**PROMPT**
Starting at the line with "ประเภท SL หมวด SL", return every line through the final one of the data, word for word. Pictures stay out.
*** Opening of GIVEN DATA ***
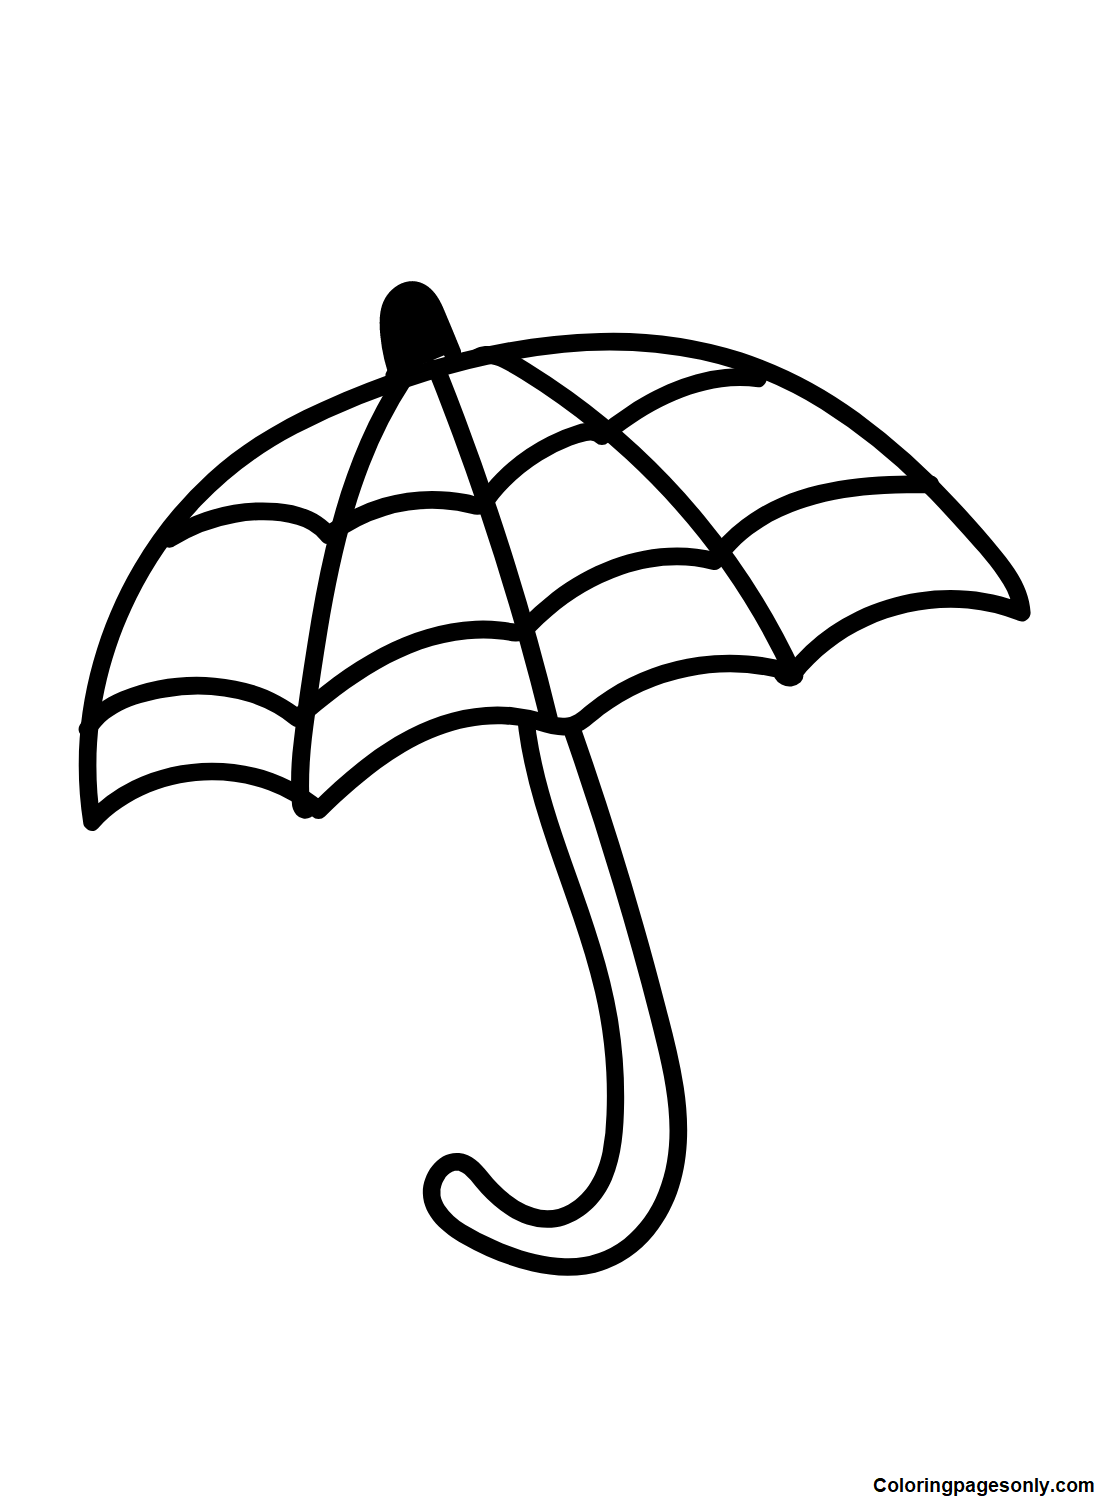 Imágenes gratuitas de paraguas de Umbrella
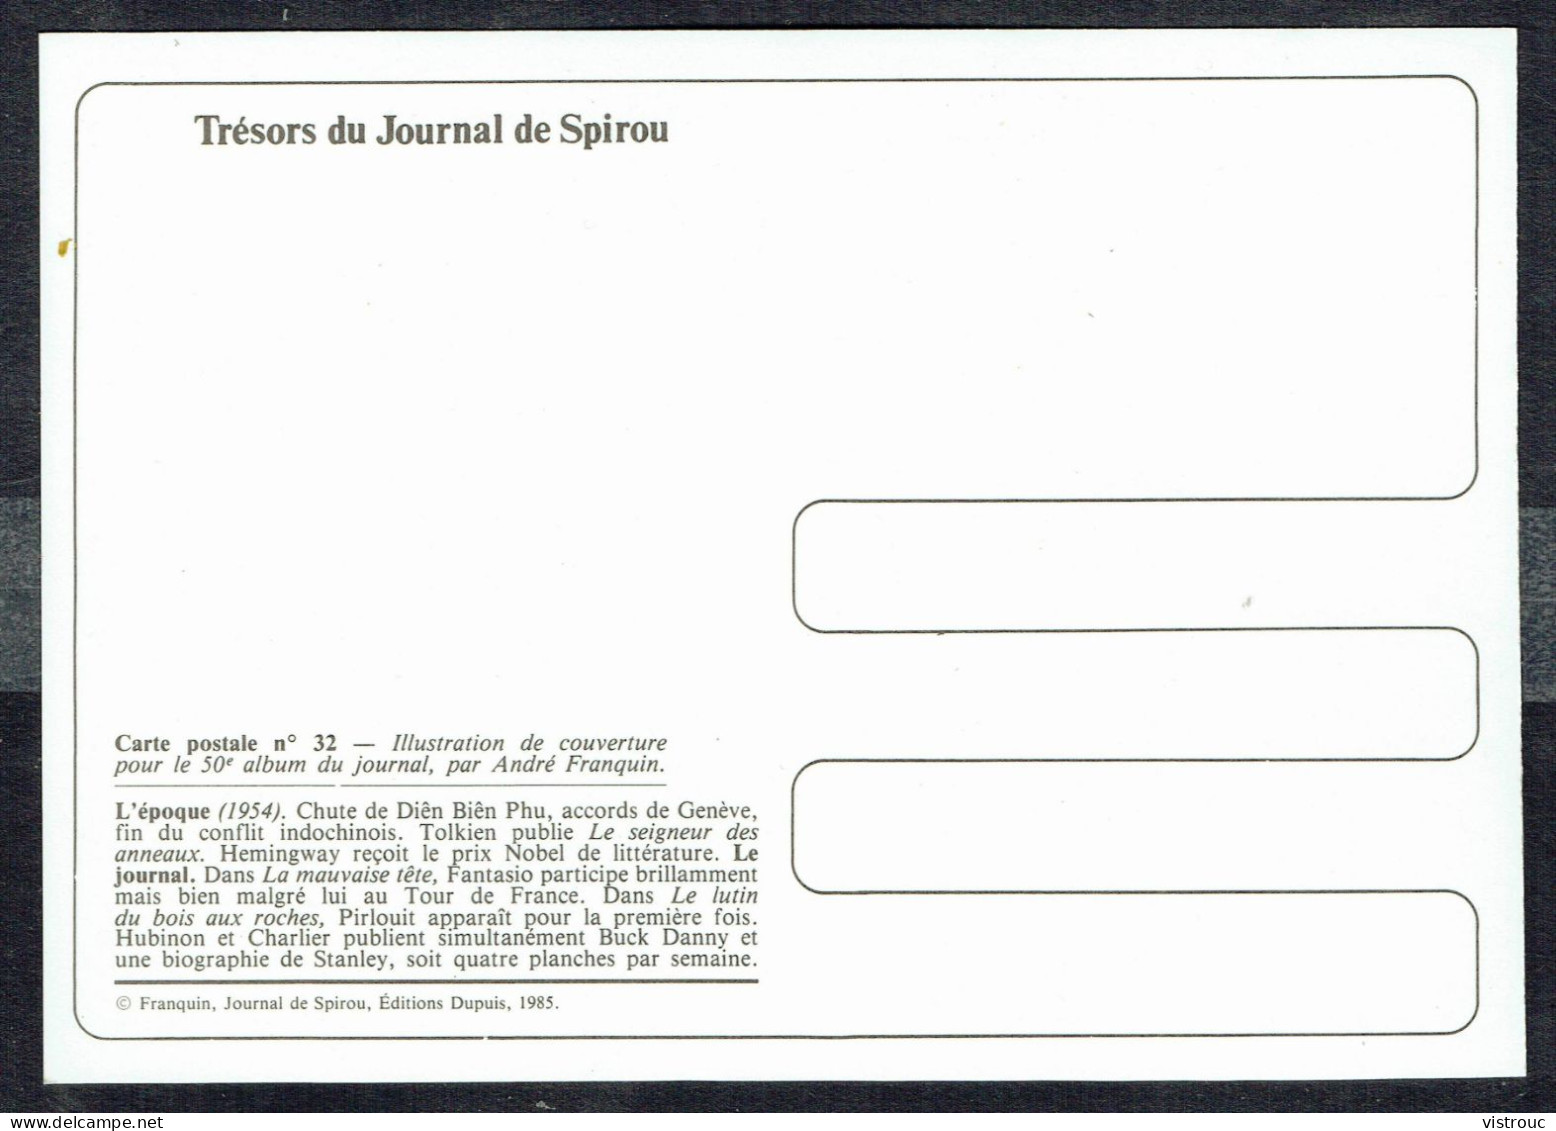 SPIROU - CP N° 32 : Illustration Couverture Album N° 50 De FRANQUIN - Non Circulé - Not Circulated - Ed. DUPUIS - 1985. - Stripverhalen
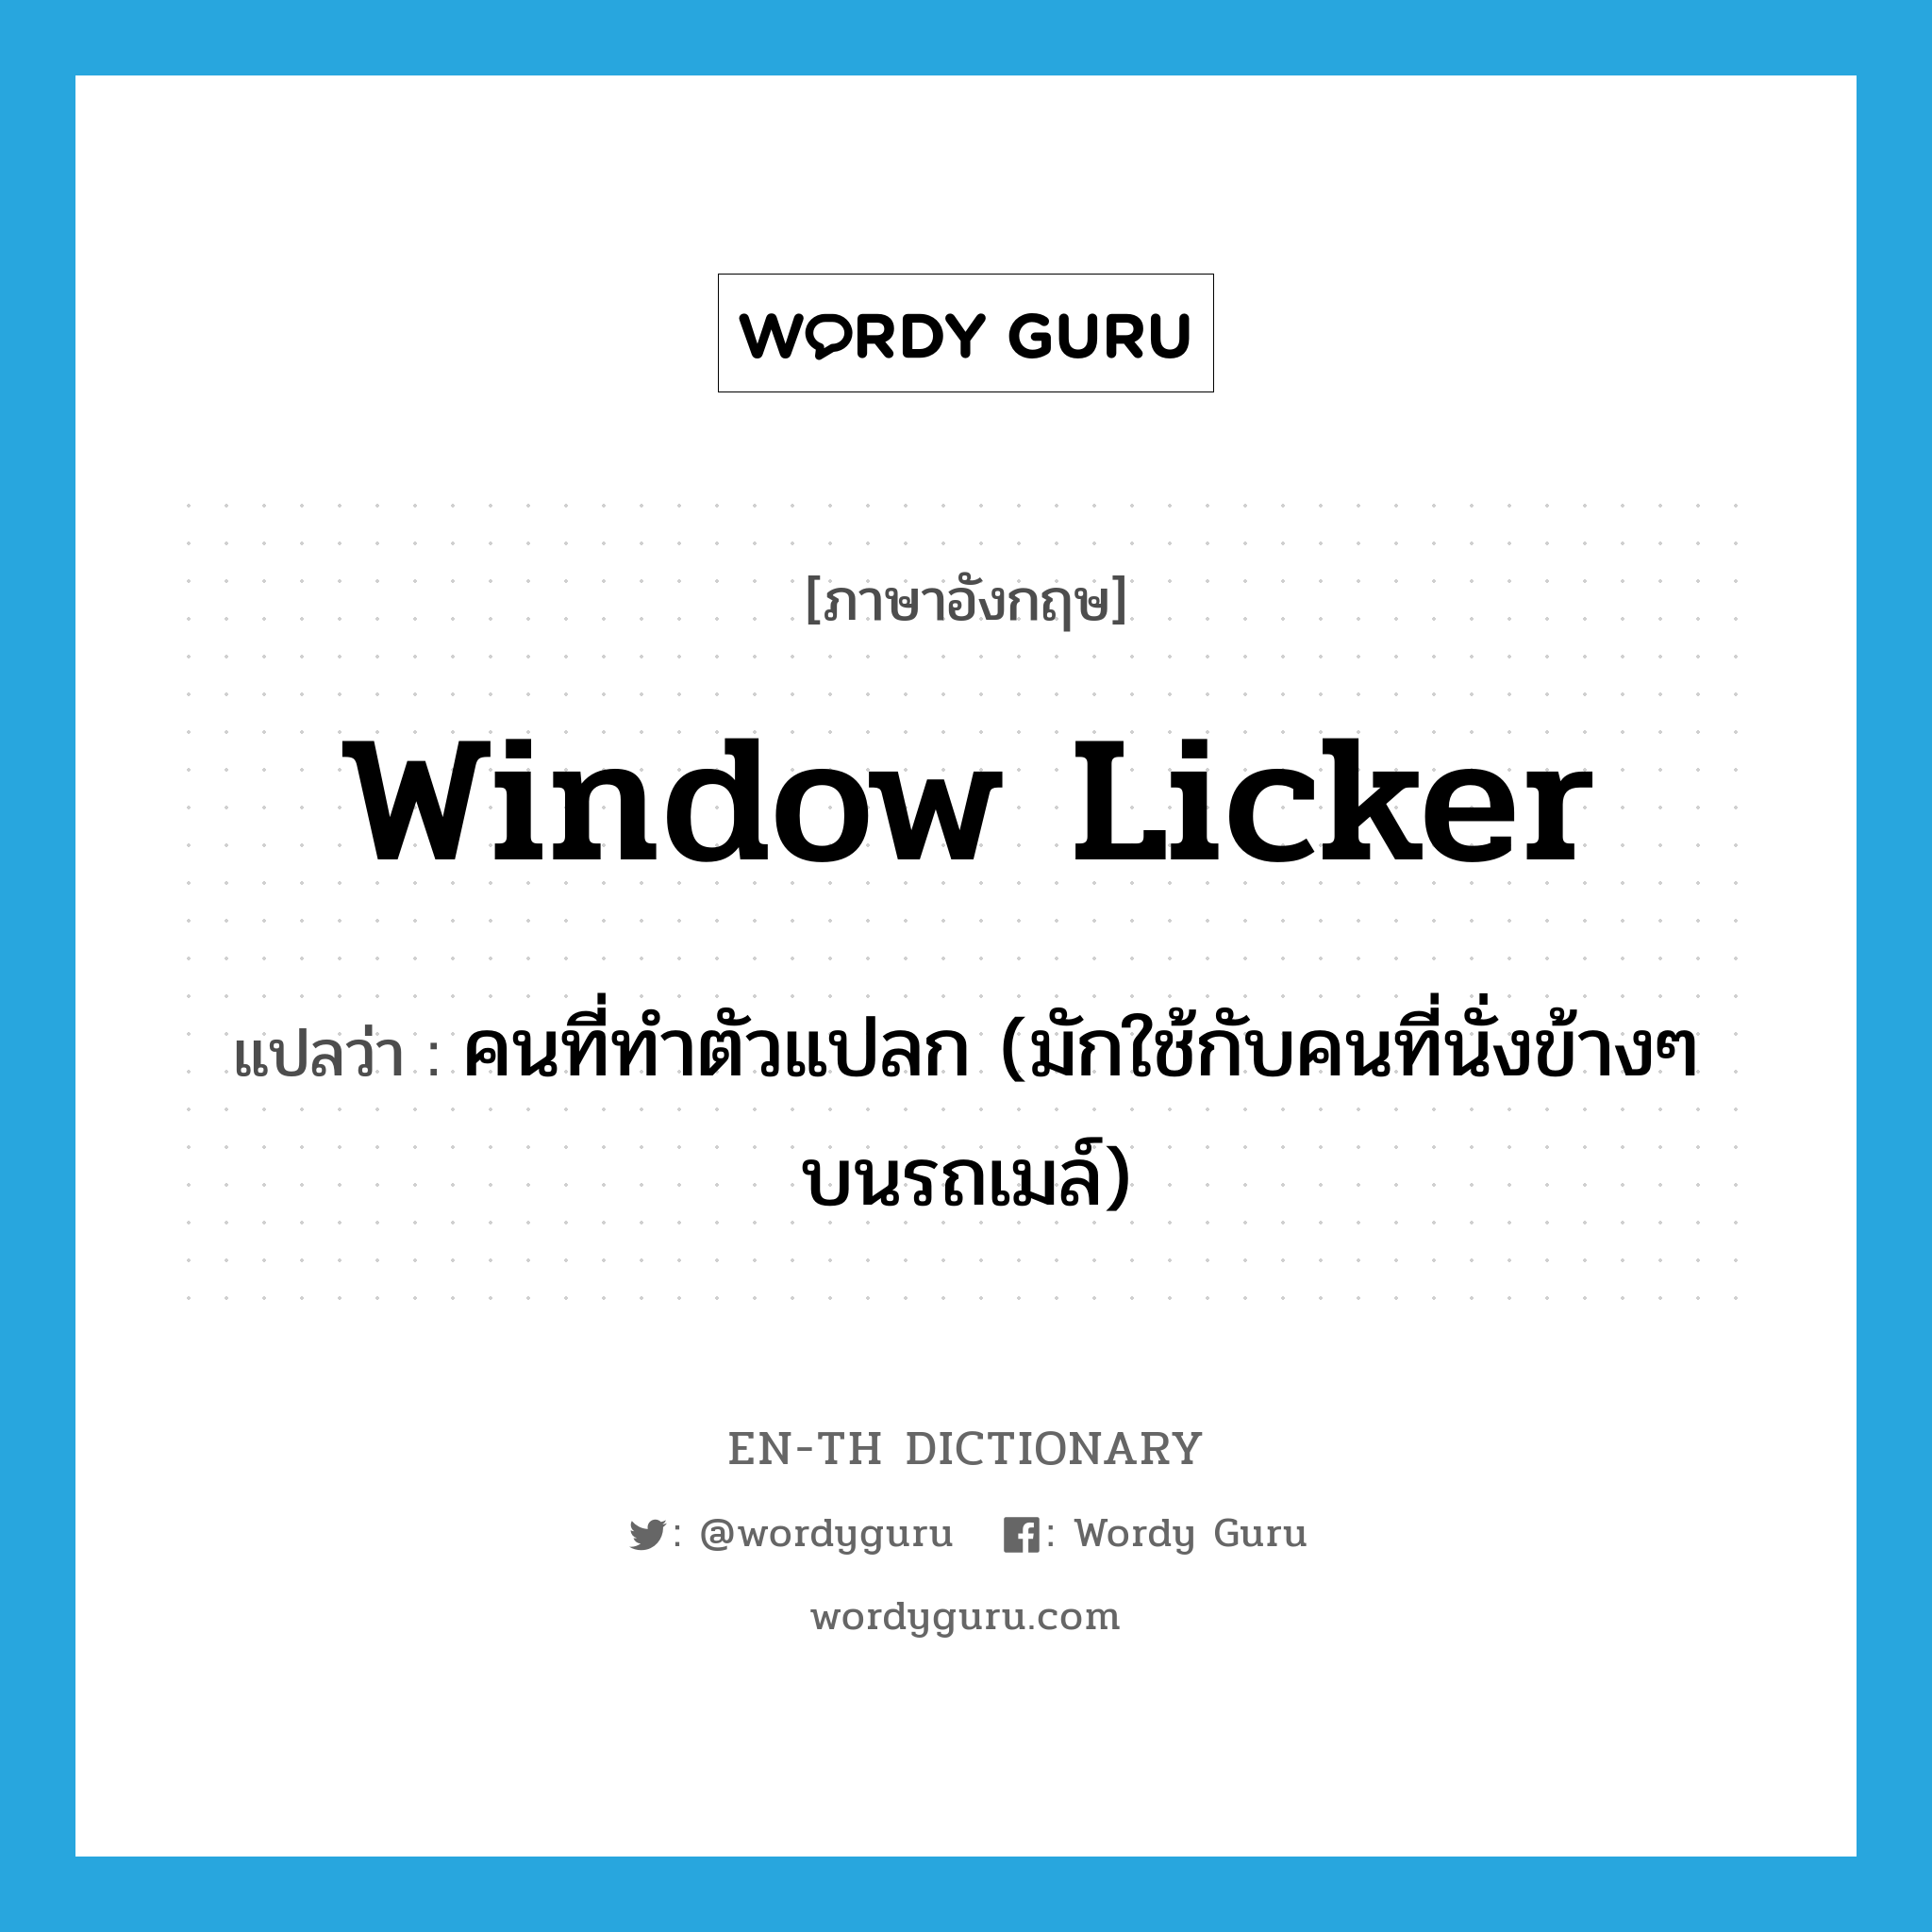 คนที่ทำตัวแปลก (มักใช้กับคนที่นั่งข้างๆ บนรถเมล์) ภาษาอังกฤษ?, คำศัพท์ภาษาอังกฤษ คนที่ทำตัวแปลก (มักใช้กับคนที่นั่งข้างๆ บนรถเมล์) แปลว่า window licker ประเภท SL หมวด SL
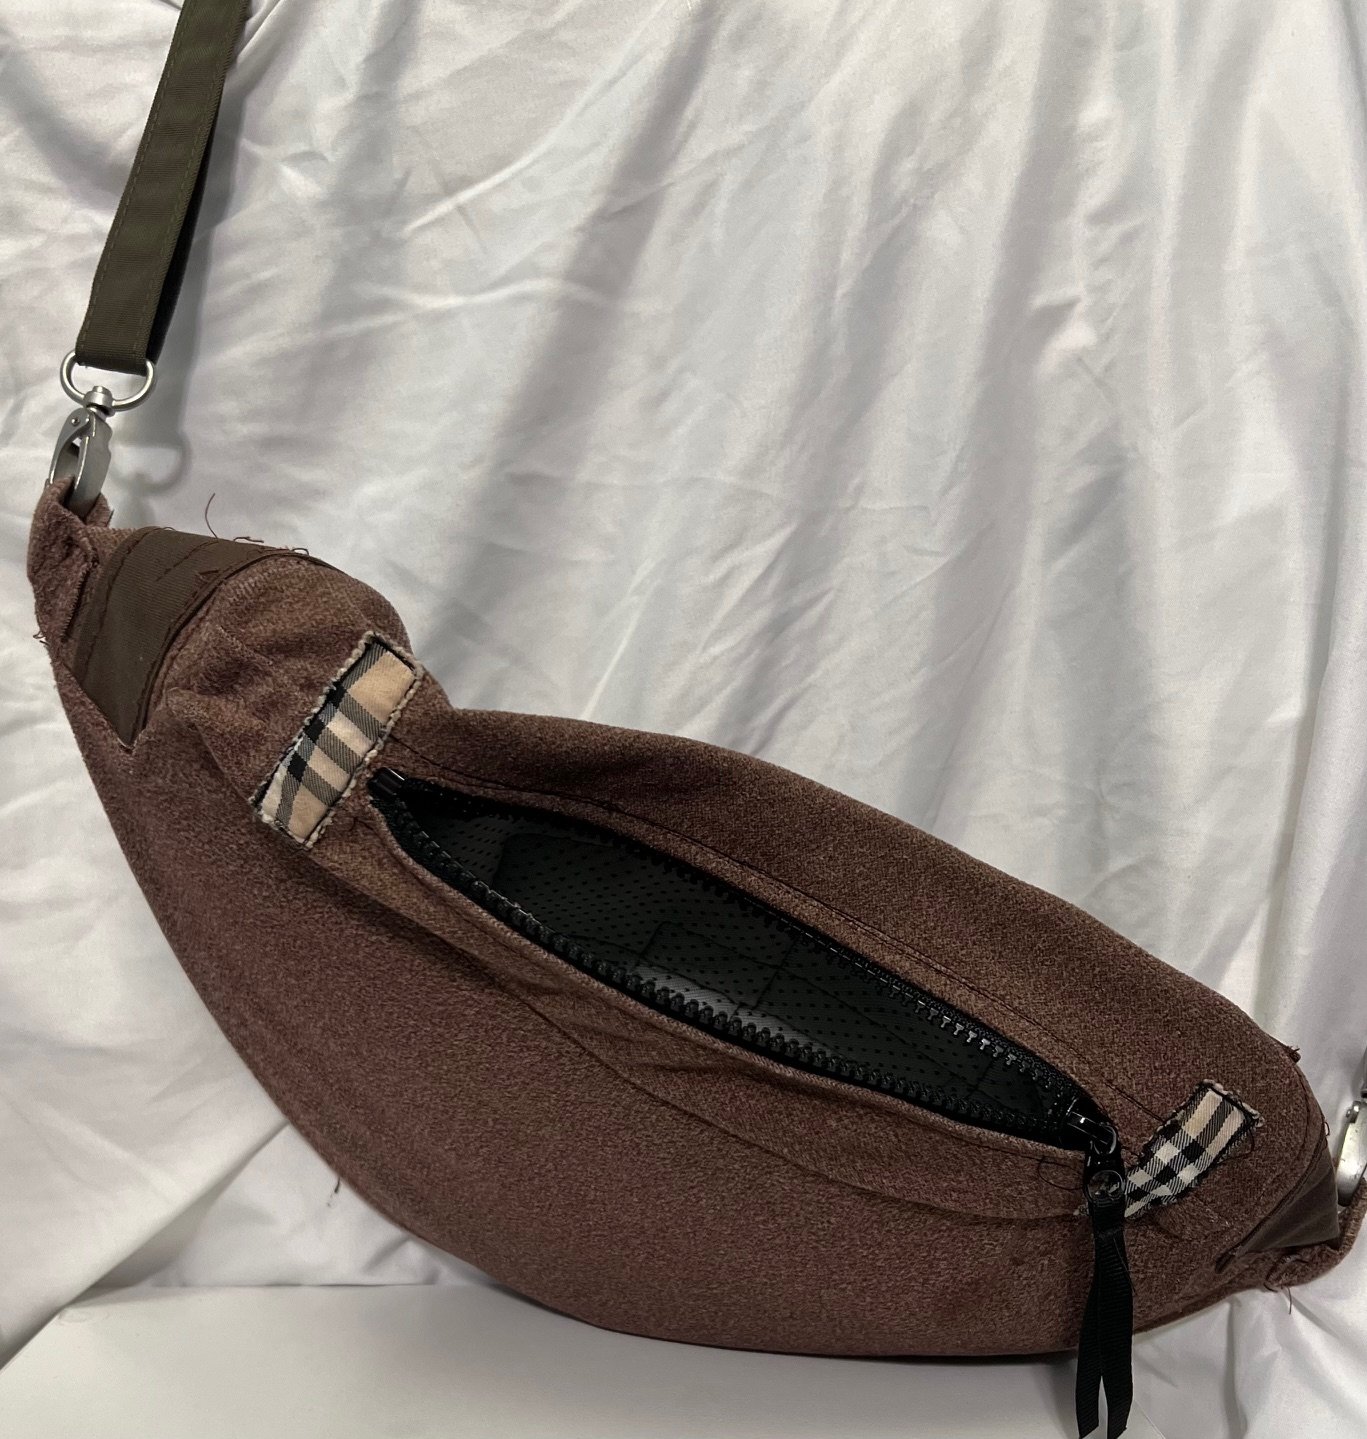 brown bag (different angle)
*** Close of GIVEN DATA ***
**RESULT OF THIS TASK**
 คนที่ทำตัวแปลก (มักใช้กับคนที่นั่งข้างๆ บนรถเมล์) ภาษาอังกฤษ?, คำศัพท์ภาษาอังกฤษ คนที่ทำตัวแปลก (มักใช้กับคนที่นั่งข้างๆ บนรถเมล์) แปลว่า window licker ประเภท SL หมวด SL
 brown bag (different angle)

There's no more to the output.